A trust, like a corporation, is an intangible legal entity (“legal fiction” might be a more accurate term) that is capable of owning property. You can’t see a trust, or touch it, but it does exist. The first step in creating a working trust is to prepare and sign a document called a Declaration of Trust.
Once you create and sign the Declaration of Trust, the trust exists, and you can transfer property to it. The trust becomes the legal owner of the property. There must, however, be a flesh-and-blood person actually in charge of this property; that person is called the trustee. With traditional trusts, the trustee manages the property on the behalf of someone else, called the beneficiary. However, with a living trust, you, the person who creates the trust, can be the trustee and also, in effect, the beneficiary, until you die. Only after your death do the trust beneficiaries you’ve named in the Declaration of Trust have any rights to your trust property.
A trust can seem like a mysterious creature, dreamed up by lawyers and wrapped in legal Jargon. Trusts were an invention of medieval England, used as a method to evade restrictions on ownership and inheritance of land. Don’t let the word “trust” scare you. True, the word can have an impressive, slightly ominous sound. Historically, monopolists used trusts to dominate entire industries (for example, the Standard Oil Trust in the era of Teddy Roosevelt’s “trust-busting”). And trusts have traditionally been used by the very wealthy to preserve their riches from generation to generation. (Indeed, isn’t one version of the American dream to be the beneficiary of your very own trust fund?) But happily, the types of living trusts this book covers aren’t complicated or beyond the reach of ordinary folks. Here are the basics.
Living trusts are an efficient and effective way to transfer property, at your death, to the relatives, friends charities you’ve chosen. Essentially, a living trust performs the same function as a will, with the important difference that property left by a will must go through the probate court process.
In probate, a deceased person’s will is proved valid in court, the person’s debts are paid and, usually after about a year, the remaining property is finally distributed to the beneficiaries. In the vast majority of instances, these probate court proceedings are an utter waste of time and money.
By contrast, property left by a living trust can go promptly and directly to your inheritors. They don’t have to bother with a probate court proceeding. That means they won’t have to spend any of your hard-earned money (at least, I presume it was hard-earned) to pay for court and lawyer fees.
Some paperwork is necessary to establish a probate- avoidance living trust and transfer property to it, but there are no serious drawbacks or risks involved in creating or maintaining the trust, You don’t even need to maintain separate trust tax records. While you live, all transactions that are technically made by your living trust are reported on your personal income tax return.
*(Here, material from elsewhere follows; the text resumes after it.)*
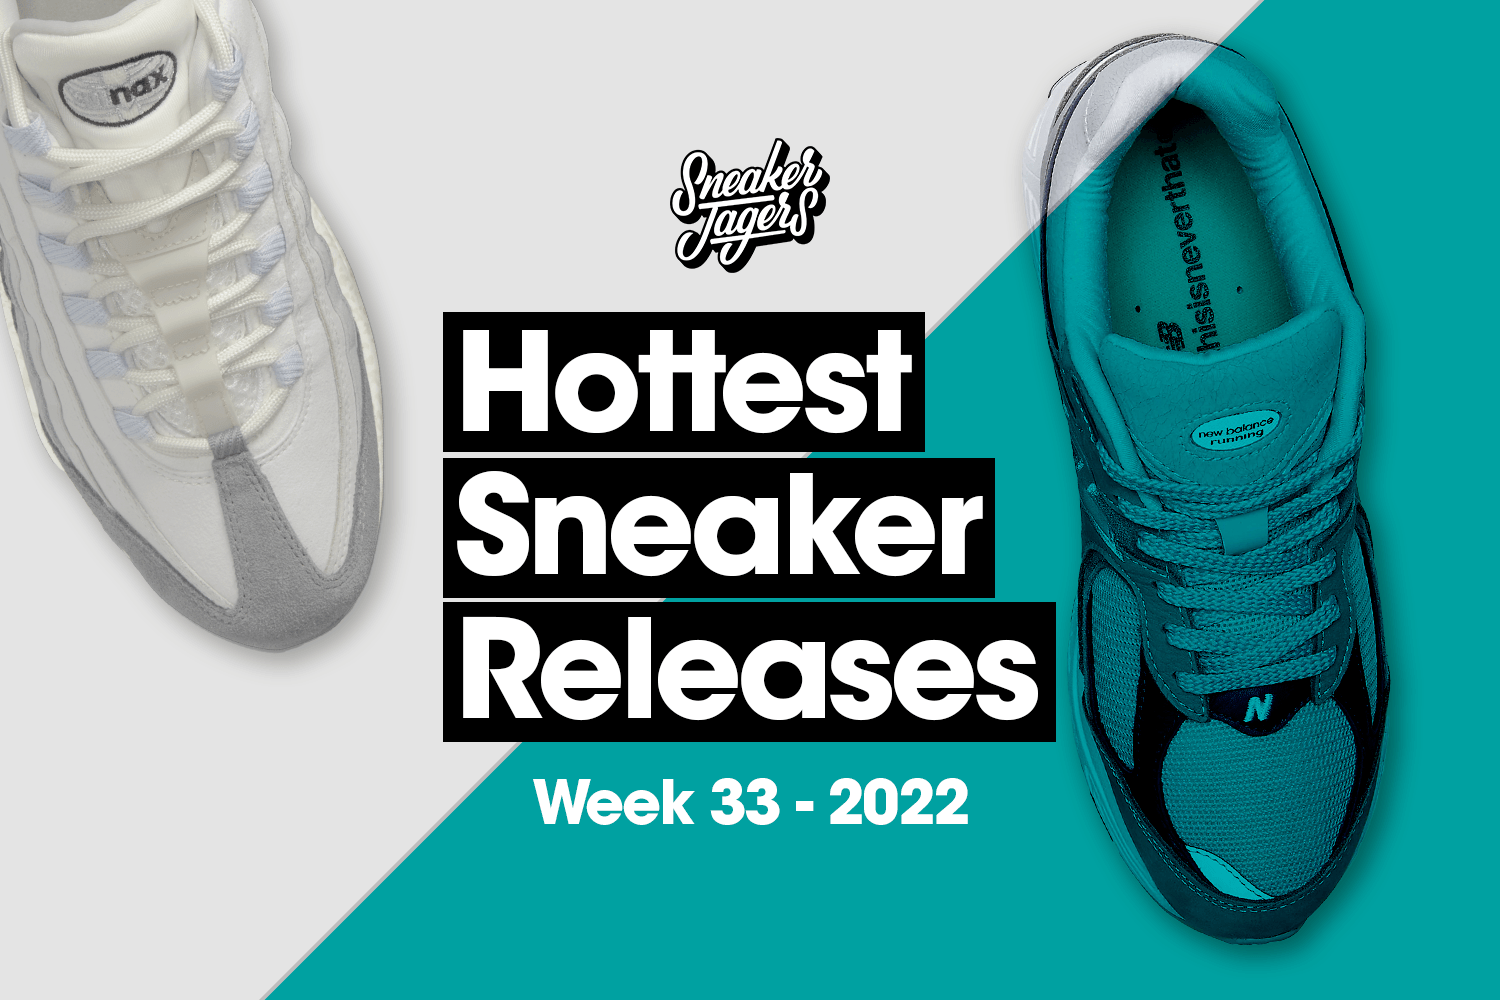 Hottest Sneaker Releases - Week 33

These trusts are called “living” or sometimes “inter vivos” (Latin for “among the living”) because they’re created while you’re alive. They’re called “revocable” because you can revoke or change them at any time, for any reason, before you die.
While you live, you effectively keep ownership of property that you’ve technically transferred to your living trust. You can do whatever you want to with any trust property, including selling it, spending it or giving it away. Basically, a revocable living trust is merely a piece of paper that becomes operational at your death. At that point, it allows your trust property to be transferred, privately and outside of probate, to the people or organizations you name as beneficiaries of the trust.